Subcompact luxury crossover SUV

The Lexus LBX (レクサス・LBX, Rekusasu LBX) is a subcompact luxury crossover SUV (B-segment) marketed by Lexus, a luxury division of Toyota. Primarily developed for Europe and Japan, it was introduced in June 2023 in Milan, Italy, as the smallest crossover model in Lexus' lineup, slotting below the C-segment UX. It is also the first Lexus model based on the Toyota TNGA-B platform, which is shared with the XP210 series Toyota Yaris Cross and the XP210 series Toyota Yaris. It entered production by the end of 2023 and went on sale in Europe along with additional markets in early 2024.

According to Lexus, the "LBX" name stands for "Lexus Breakthrough X(cross)-over". It is the second Lexus model with a three-letter name, following the LFA which was released in 2011. It is named LBX instead of BX to avoid trademark conflicts with Citroën which produced the BX in Europe from 1982 to 1994.

== Overview ==
The development of the LBX was led by chief engineer Kunihiko Endo. According to Endo, achieving the desired level of refinement in the LBX to keep up with Lexus standards was challenging, as they had to adopt a different approach to the traditional use of sound insulating materials. The LBX is equipped with a bi-polar nickel–metal hydride battery for its hybrid system. In comparison to a regular NiMH battery, the battery is lighter and more compact while allowing faster charging and discharging. As a result, the battery output can be maximised to capitalise on a larger electric motor than in the Yaris Cross.
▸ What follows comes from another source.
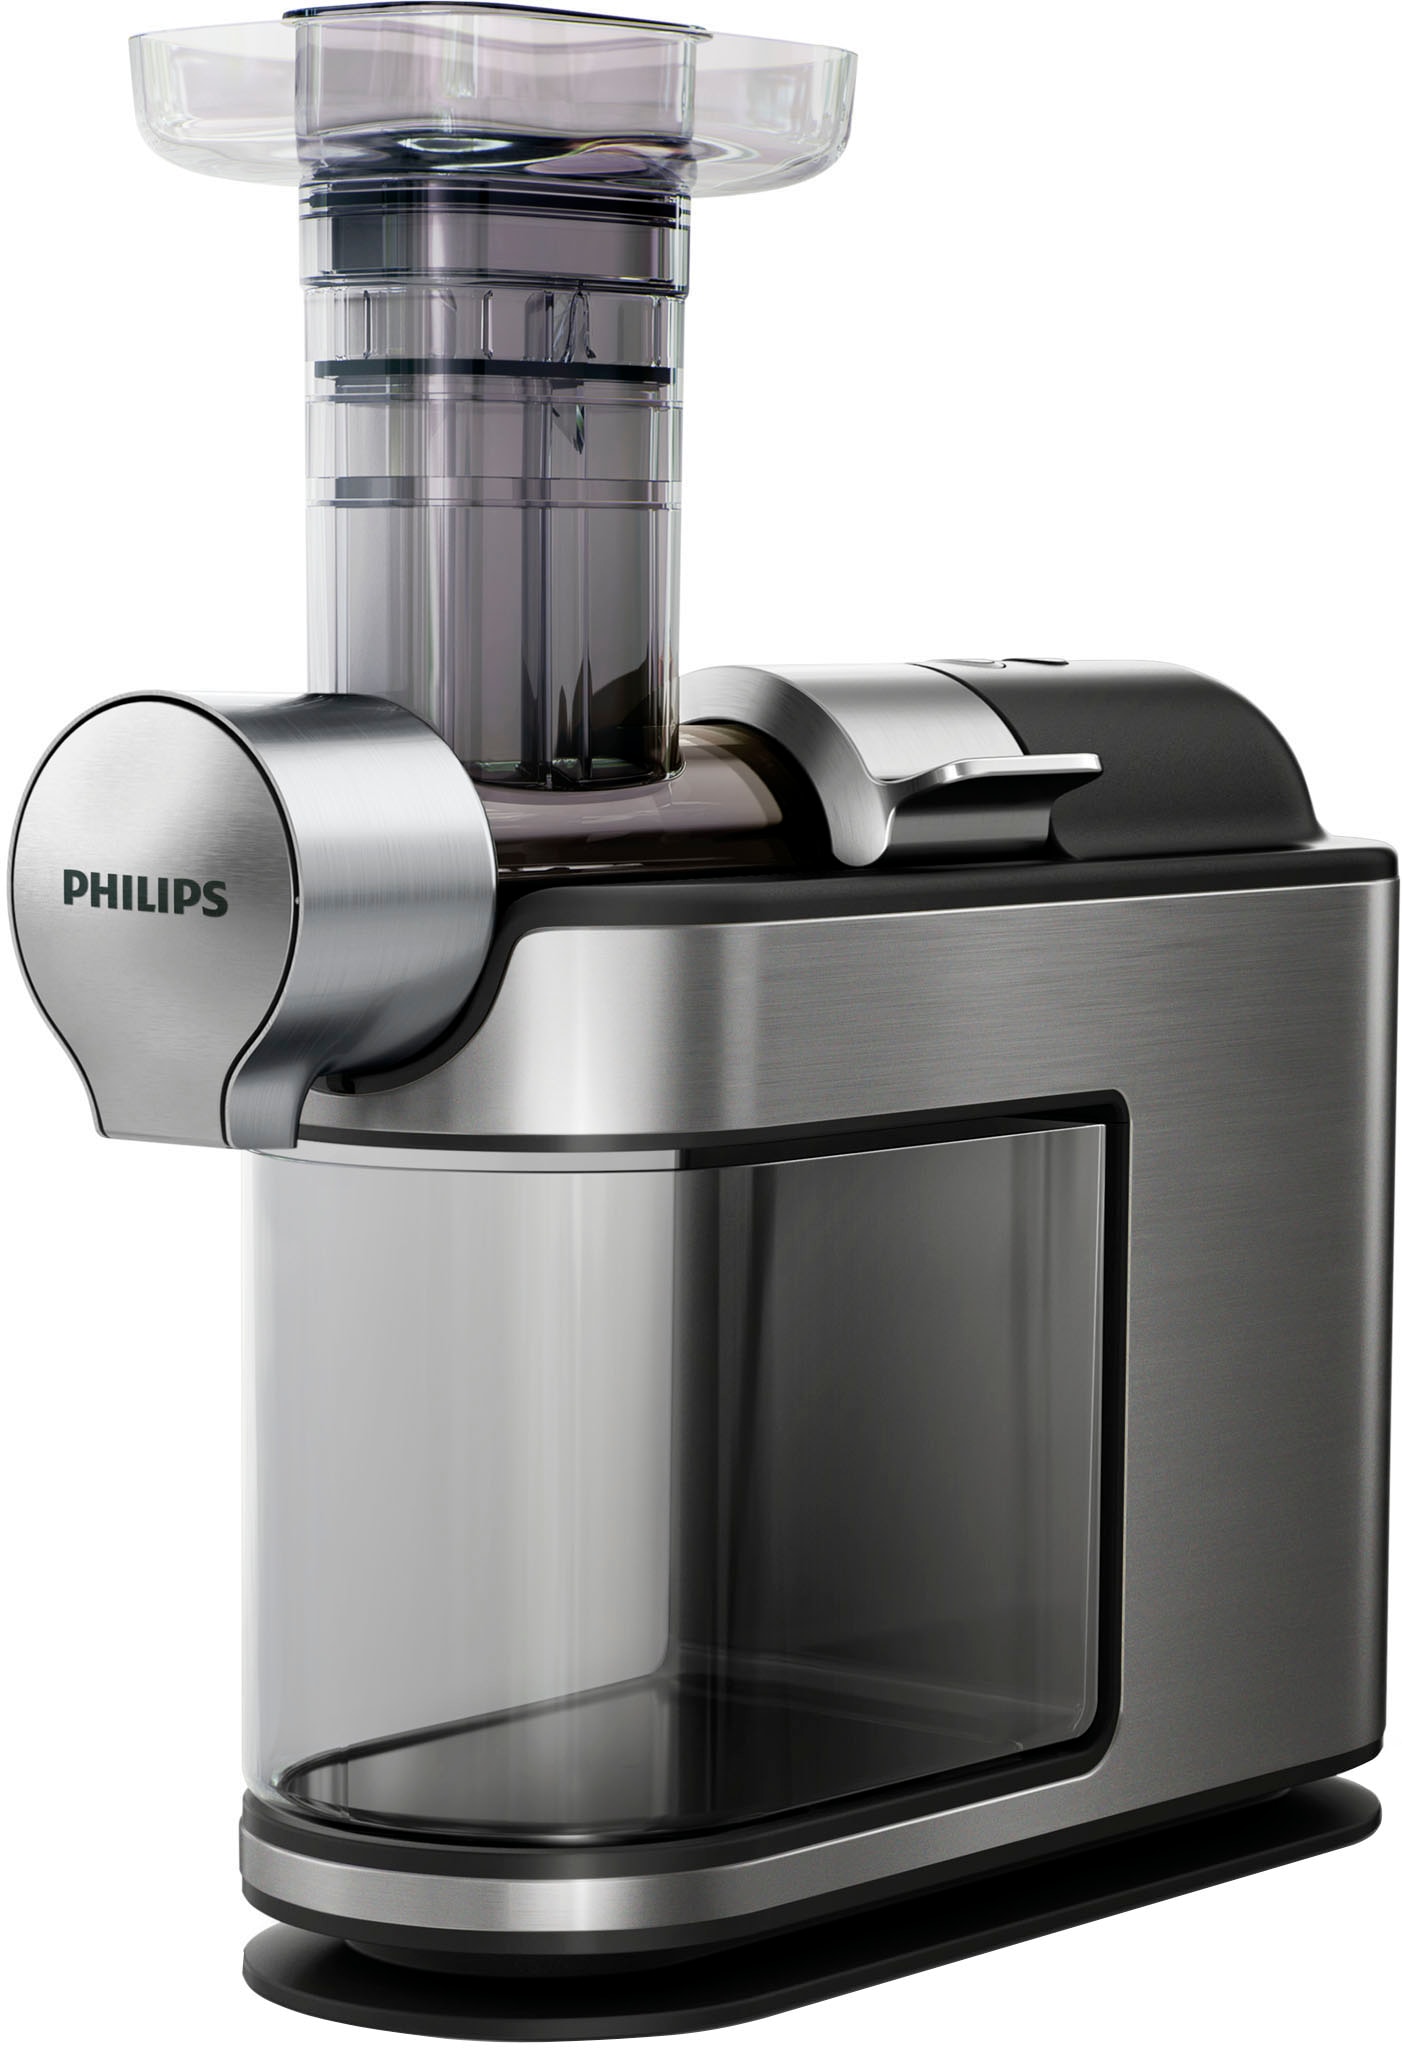 Smart Mahlwerk Philips mit Papierfilter, 1x4, Dosierung Brew«, Kaffeebohnenbehälter und All-in-1 Kaffeemaschine »HD7888/01 mit bei online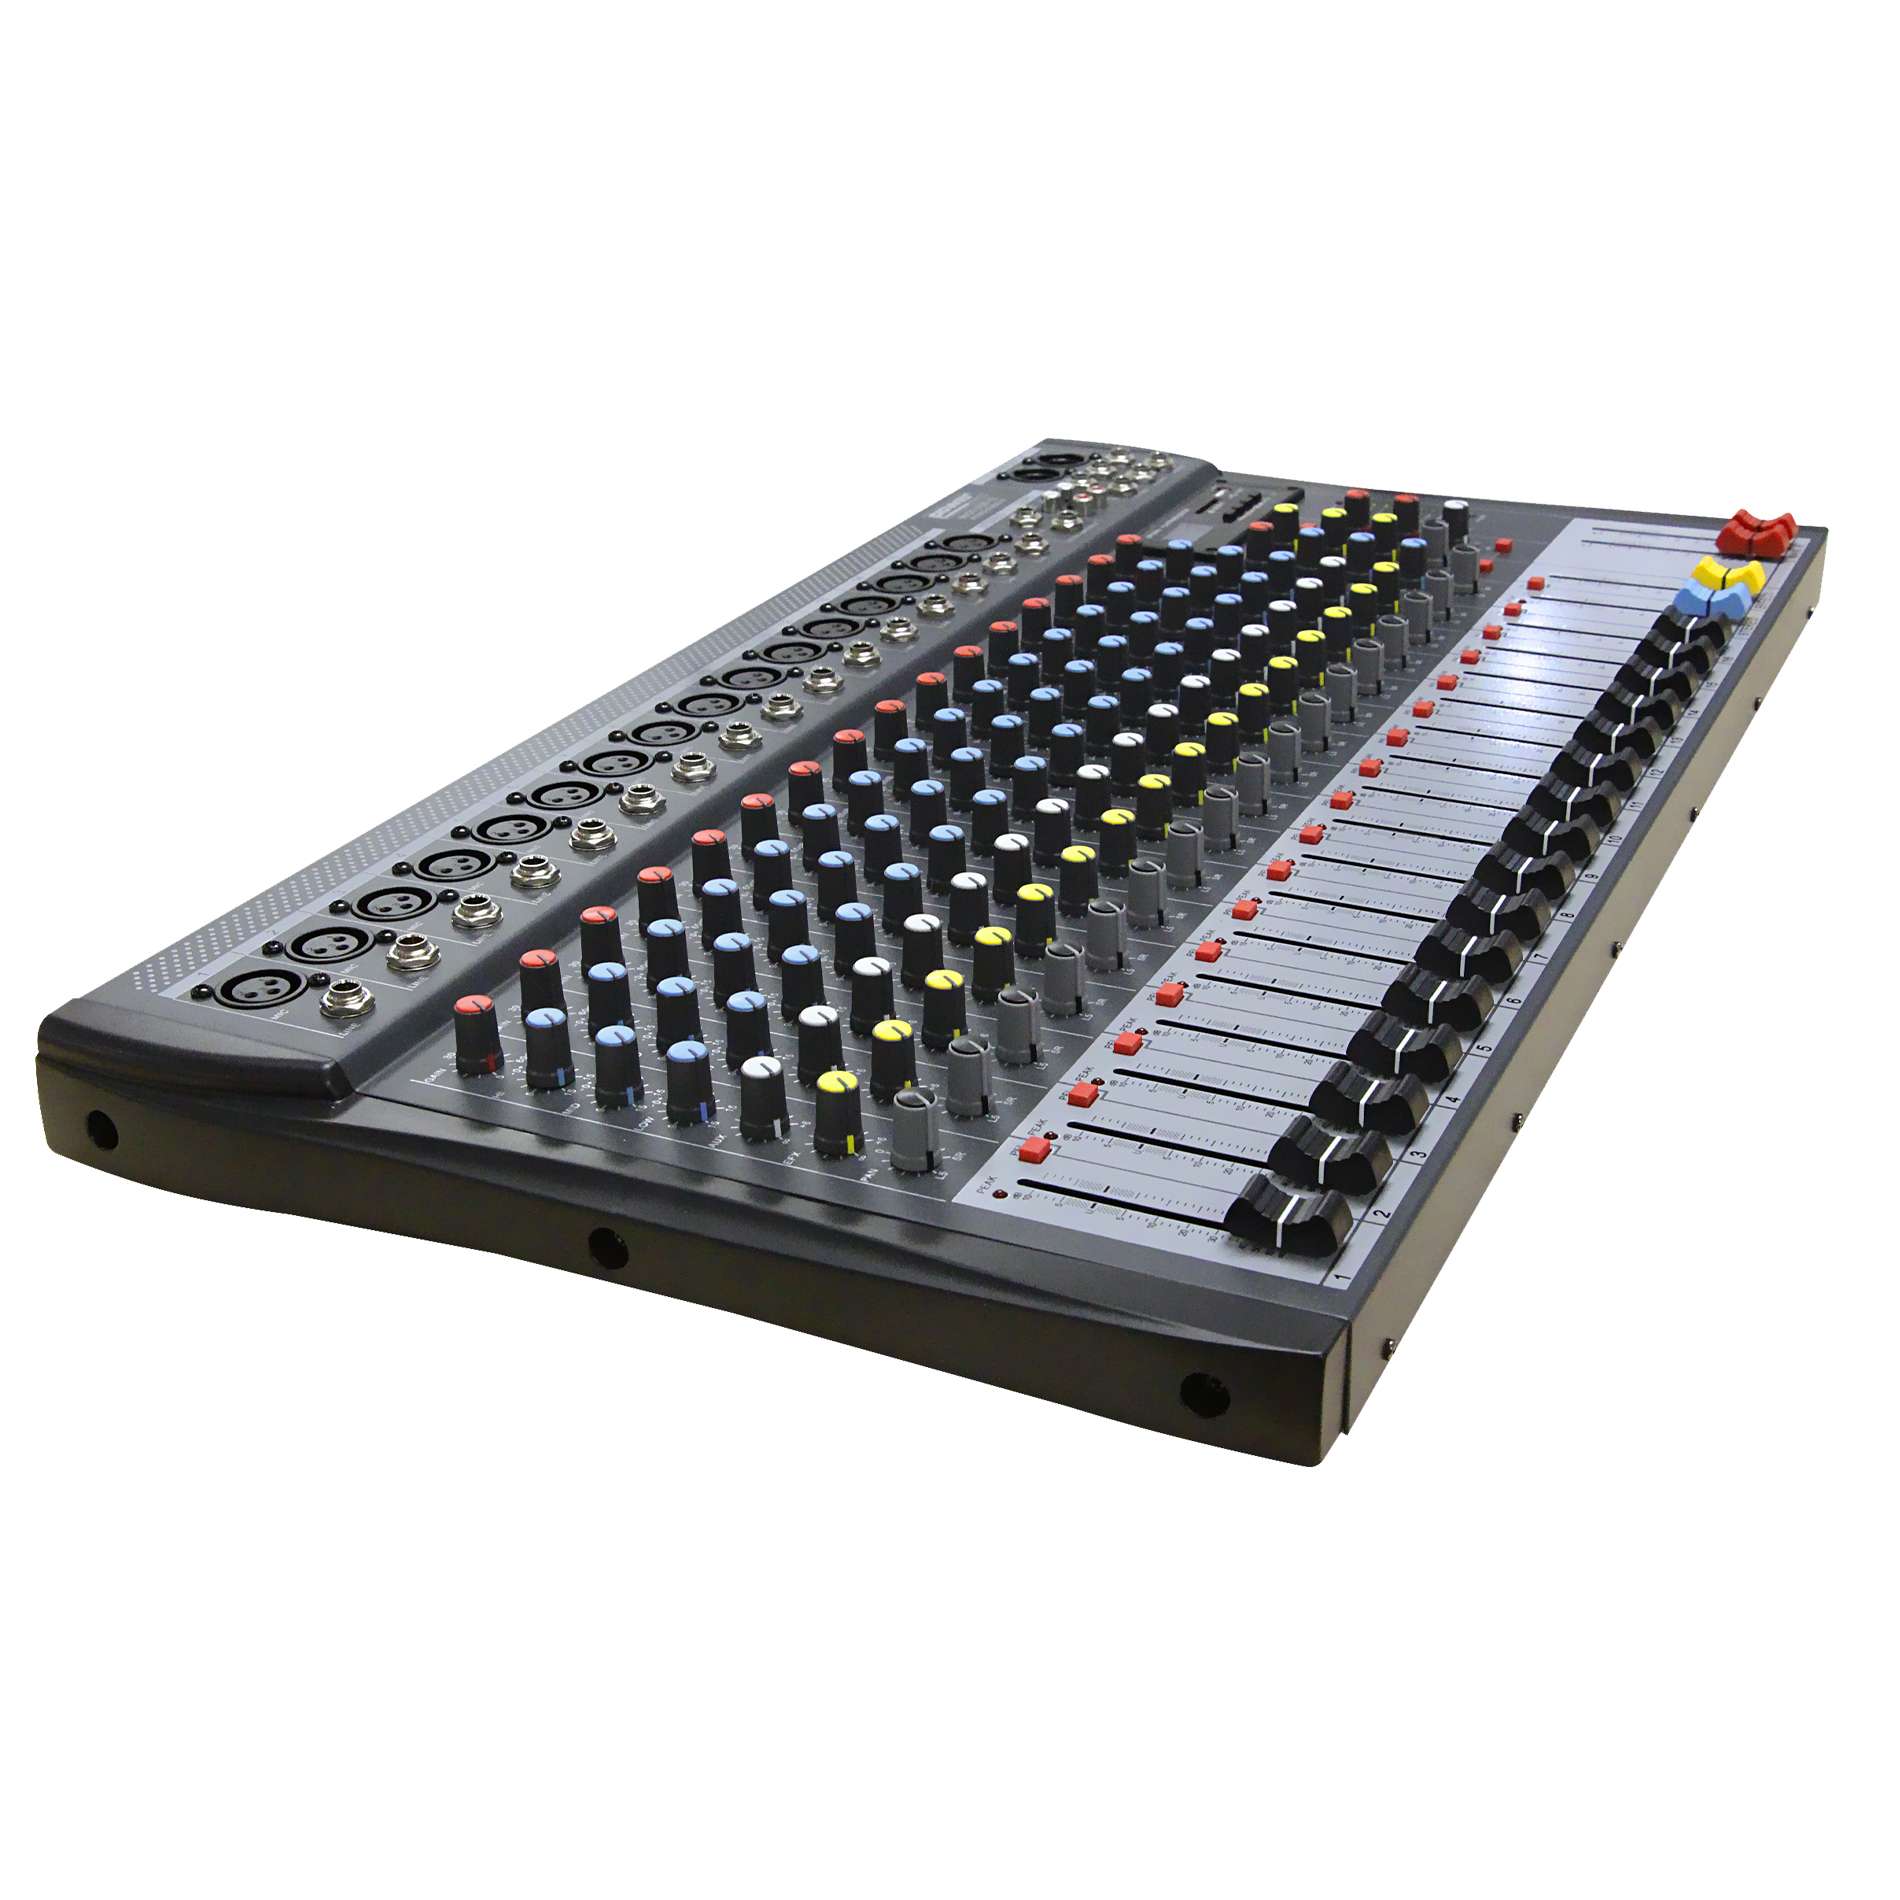 Power Acoustics Mx20 Usb V2 - Analog mixing desk - Variation 1

At the front, the LBX is equipped with MacPherson struts, while the rear suspension features a torsion beam for front-wheel drive models and a double wishbone back axle for all-wheel drive variants. To enhance body control and stability, Lexus has incorporated Vehicle Braking Posture Control, a system that utilizes automatic braking to minimize pitching movements.

== Specifications ==
=== Body ===
The LBX is the first Lexus vehicle to use the front-wheel drive, B-segment based GA-B platform. Unlike other Lexus models, the LBX does not include Lexus’ iconic spindle grille, instead the grille is a singular trapezoid shape, similar to the style of the fifth-generation RX. The LBX follows Lexus’ "Resolute Look", which was introduced onto the Lexus LF-S in 2003 and has been featured as a design cue used on Lexus vehicles from the early 2000s. Following the design principle of the "Next Chapter Design", the front-pillars have been pulled back to make the cabin seem small.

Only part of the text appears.